Со Дня Благодарения я не брала в руки карандаш и боролась со стойким желанием выкинуть все альбомы. Утром и вечером я продолжала заниматься братьями, чтобы не вызывать у родителей подозрений. Отец то и дело заводил разговор о готовности моего портфолио и намётках о поиске работы, параллельно промывая мозги по поводу отсутствия медицинской страховки. Заодно требовал купить машину, а не ездить на съёмной, потому что нельзя так глупо тратить деньги. И вообще с таким моим отношением чужие деньги слишком быстро потратятся. Да и вообще эта сумма в нынешних реалиях не такая, чтобы сидеть сложа руки и плевать в потолок, что я по его мнению и делала.

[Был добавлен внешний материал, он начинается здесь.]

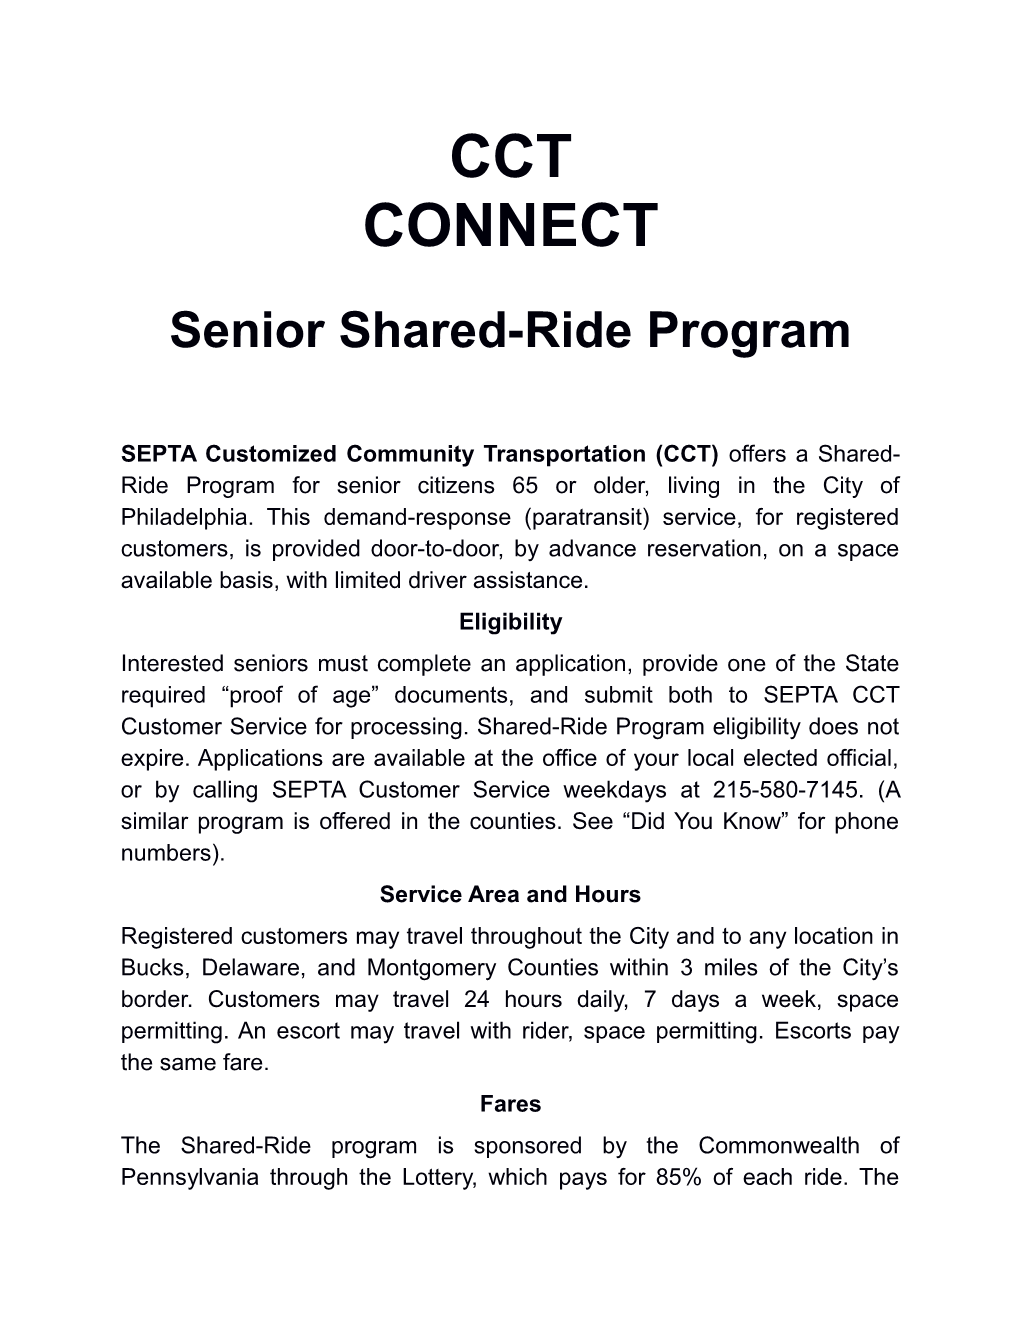 Seniorshared-Rideprogram

Да, я действительно ничего не делала, просто ждала дня «Икс», а с родителями отмалчивалась, говоря, что я иду вперёд, только медленно. Лишь Хаски не донимал меня, просто прижимался своим тёплым боком, даря поддержку. Он знал о приглашении и покорился решению новой хозяйки. Я вновь стояла перед закрытой дверью, не зная, что меня ждёт внутри питерской квартиры, но решила непременно её открыть.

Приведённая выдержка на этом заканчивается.